4.6 Keterbatasan Penelitian

  Penulis menyadari bahwa penelitian ini masih banyak kelemahan dan kekurangannya, meskipun penulis telah berupaya semaksimal mungkin dengan berbagai usaha untuk membuat hasil penelitian ini bisa menjadi sempurna. Beberapa kekurangan, kelemahan dan keterbatasan dalam penulisan diantaranya jumlah sampel yang didapat, kelemahan dari metode sampling yang digunakan dan keterbatasan referensi dalam penulisan.

  4.6.1 Jumlah Sampel Peneliti menyadari bahwa jumlah sampel yang didapat masih sedikit dan belum mendekati jumlah sampel minimal yang diharapkan.

  Meskipun demikian bukan berarti hasil penelitian tidak valid dan tidak , reliable karena sampel dalam penelitian ini adalah sampel dengan kriteria khusus yang sudah ditetapkan sehingga diyakini peneliti sampel tersebut sudah benar-benar representatif.

  4.6.2 Kelemahan Teknik Sampling Peneliti menyadari bahwa dengan teknik sampling accidental tidak bisa digunakan untuk menarik suatu kesimpulan secara umum (menggeneralisir) terhadap hasil penelitian ini. Meskipun demikian, hasil diyakini peneliti sudah bisa menggambarkan kondisi yang sebenarnya di tempat dilakukannya penelitian ini.

  4.6.3 Referensi dan Sumber Rujukan Peneliti menyadari mempunyai banyak keterbatasan dalam melakukan penelaahan penelitian, pengetahuan yang kurang, literatur yang kurang, kelemahan dalam menterjemahkan naskah berbahasa inggris ke Indonesia.

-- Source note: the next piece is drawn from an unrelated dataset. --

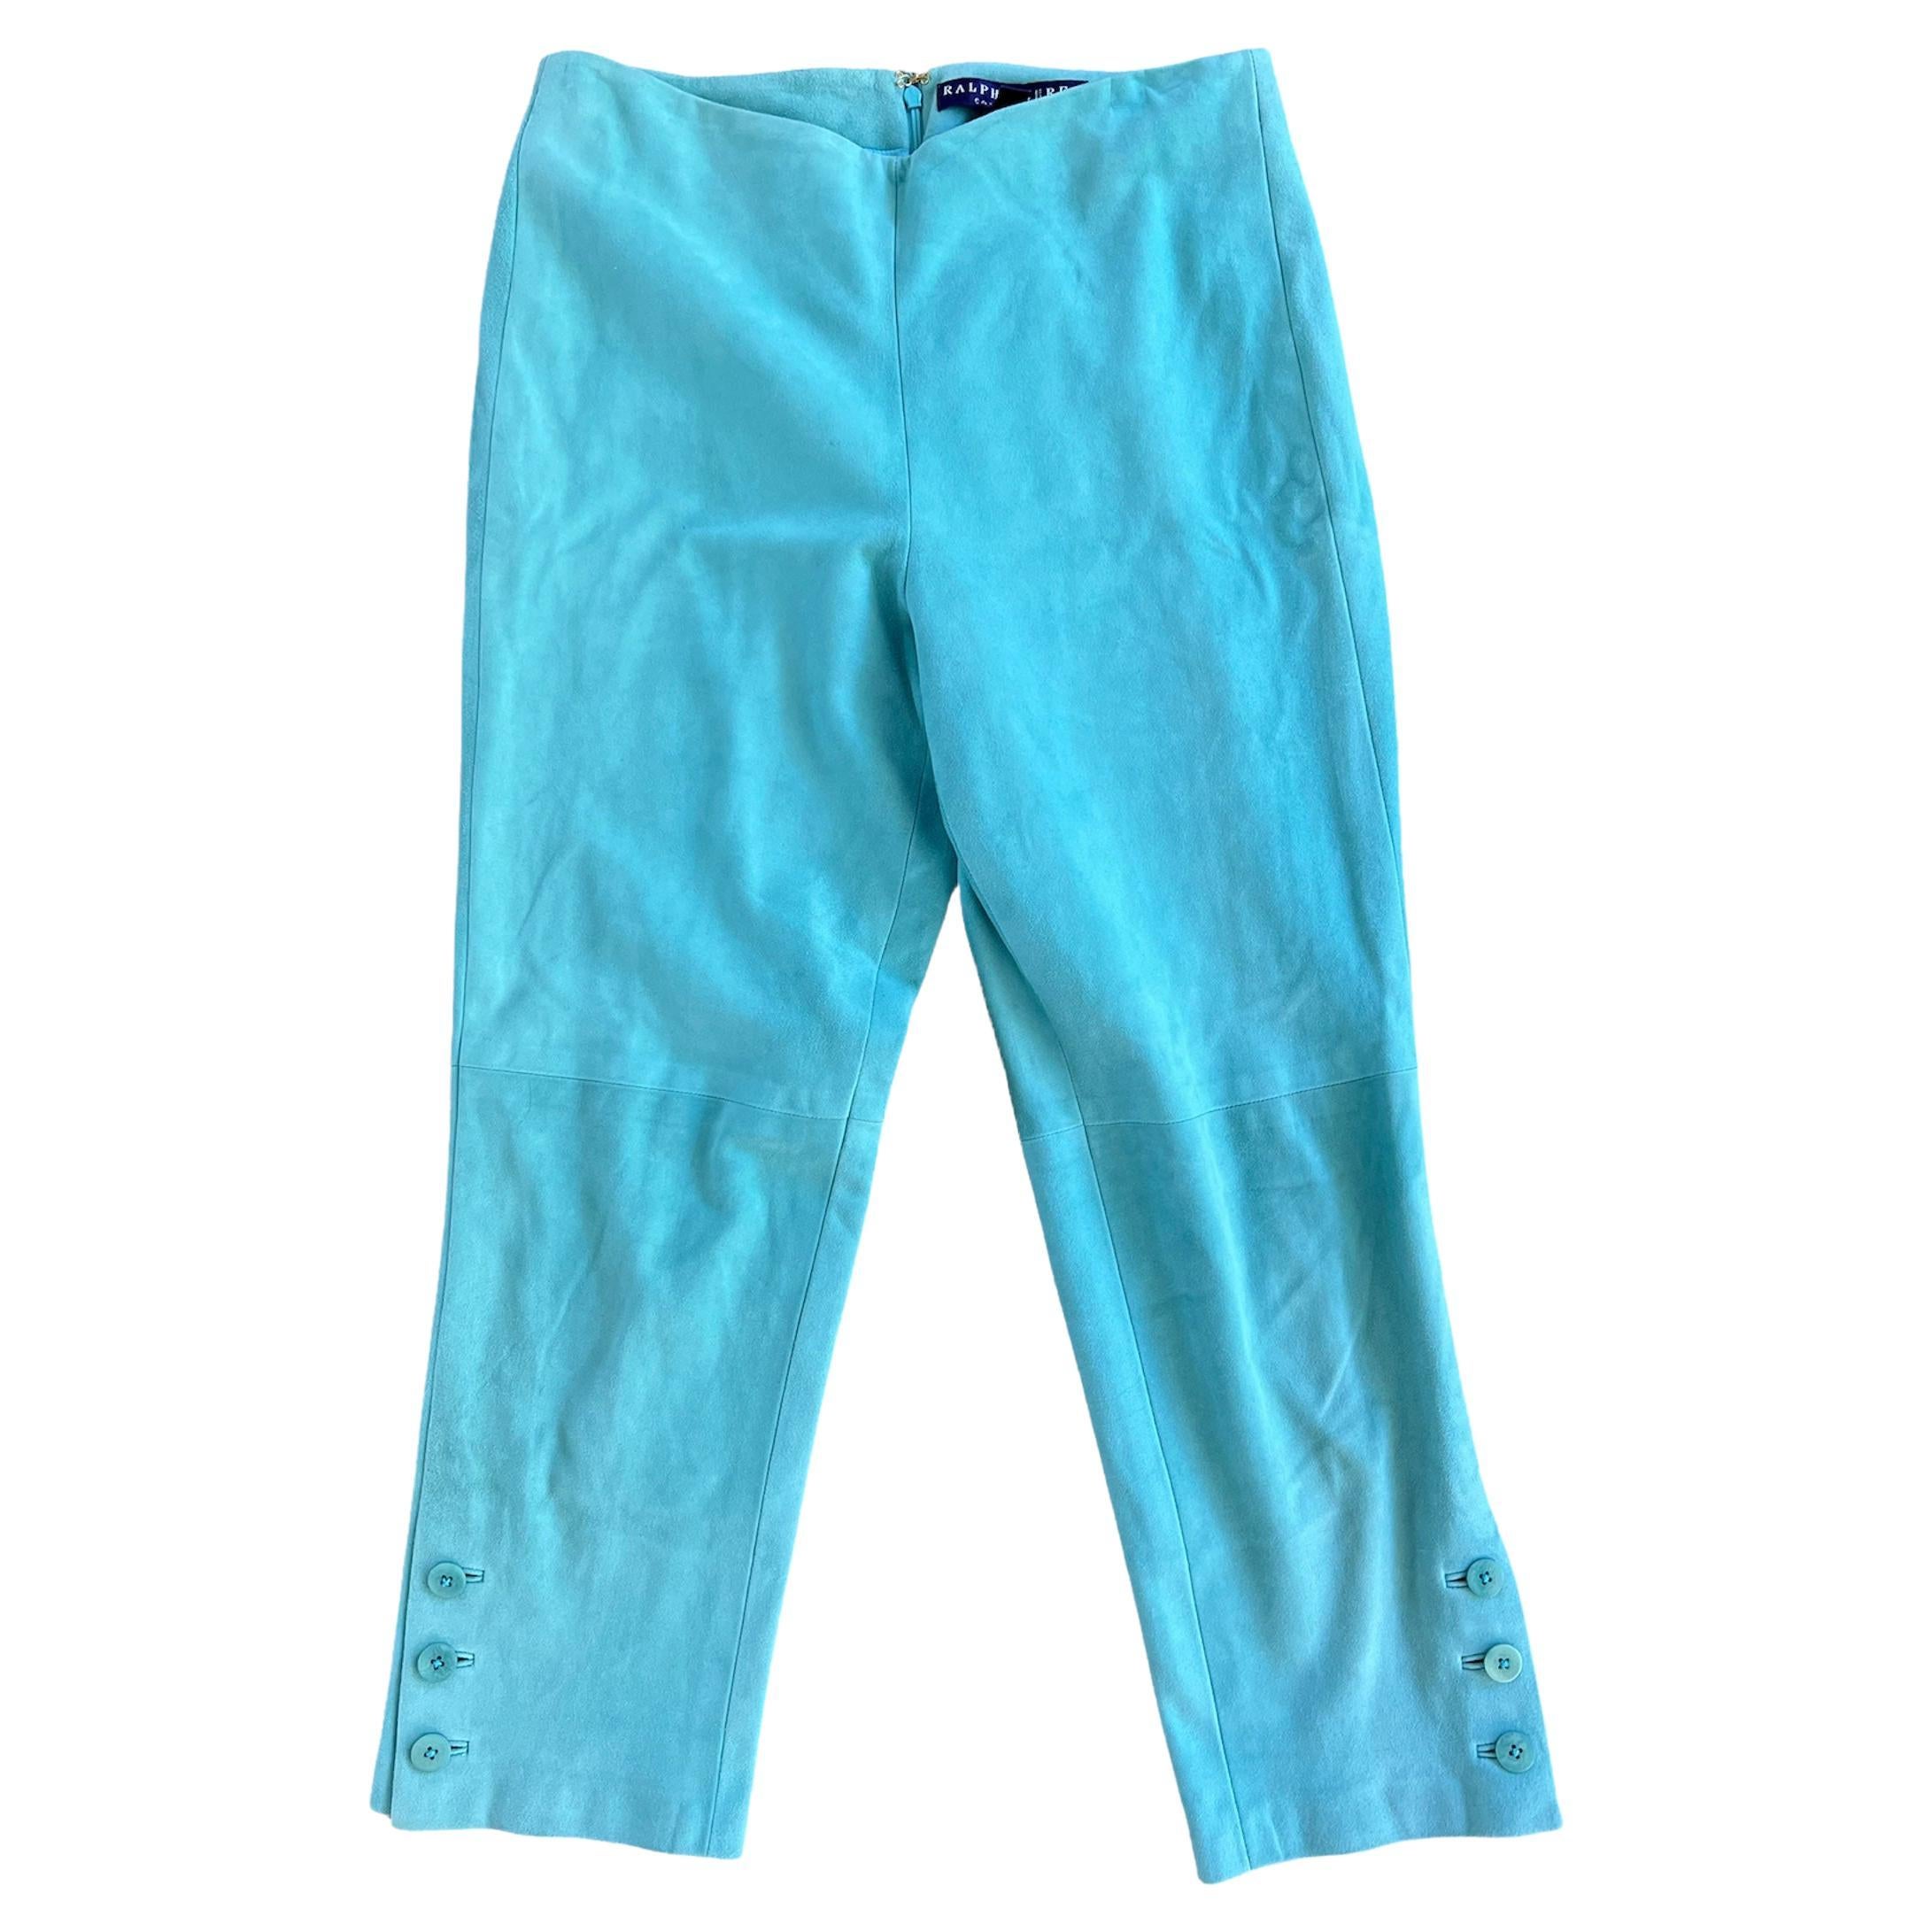 Ralph Lauren Turquoise Suede Capri Pants, Size 9

Terlepas dari adanya kekurangan dan kelemahan tersebut, penelitian ini telah memberikan informasi yang sangat penting dalam perkembangan ilmu keperawatan dan praktek asuhan keperawatan dimana hasil penelitian ini telah membuktikan bahwa tidak ada hubungan yang signifikan antara lama hari rawat dengan terjadinya dekubitus pada pasien khususnya pasien yang berisiko mengalami dekubitus yang dirawat di ruang ICU RSUD dr.H.Soemarno Sosroatmodjo Kuala Kapuas.

4.7 Implikasi Hasil Penelitian Dalam Keperawatan

  Hasil penelitian ini menunjukkan bahwa mayoritas pasien yang menjadi responden tidak mengalami dekubitus selama dirawat di ruang ICU RSUD dr.H.Soemarno Sosroatmodjo Kuala Kapuas. Angka kejadian dekubitus dapat diminimalkan dengan pemberian asuhan keperawatan pencegahan dekubitus. Hal ini menunjukkan pentingnya peran perawat sebagai pemberi asuhan keperawatan khususnya dalam pencegahan dekubitus Kejadian dekubitus dapat menggambarkan baik buruknya pelayanan keperawatan di ruang rawat inap suatu Rumah Sakit. Perawat sebagai pemberi pelayanan keperawatan sangat berkontribusi dalam upaya-upaya pencegahan terhadap kejadian dekubitus. Yusuf (2011), menyatakan bahwa kejadian dekubitus di ruang rawat inap Rumah Sakit adalah murni kesalahan perawat. Yusuf juga menyatakan kejadian dekubitus di ruang perawatan Rumah Sakit merupakan parameter baik buruknya pelayanan keperawatan dan pengobatan yang diberikan.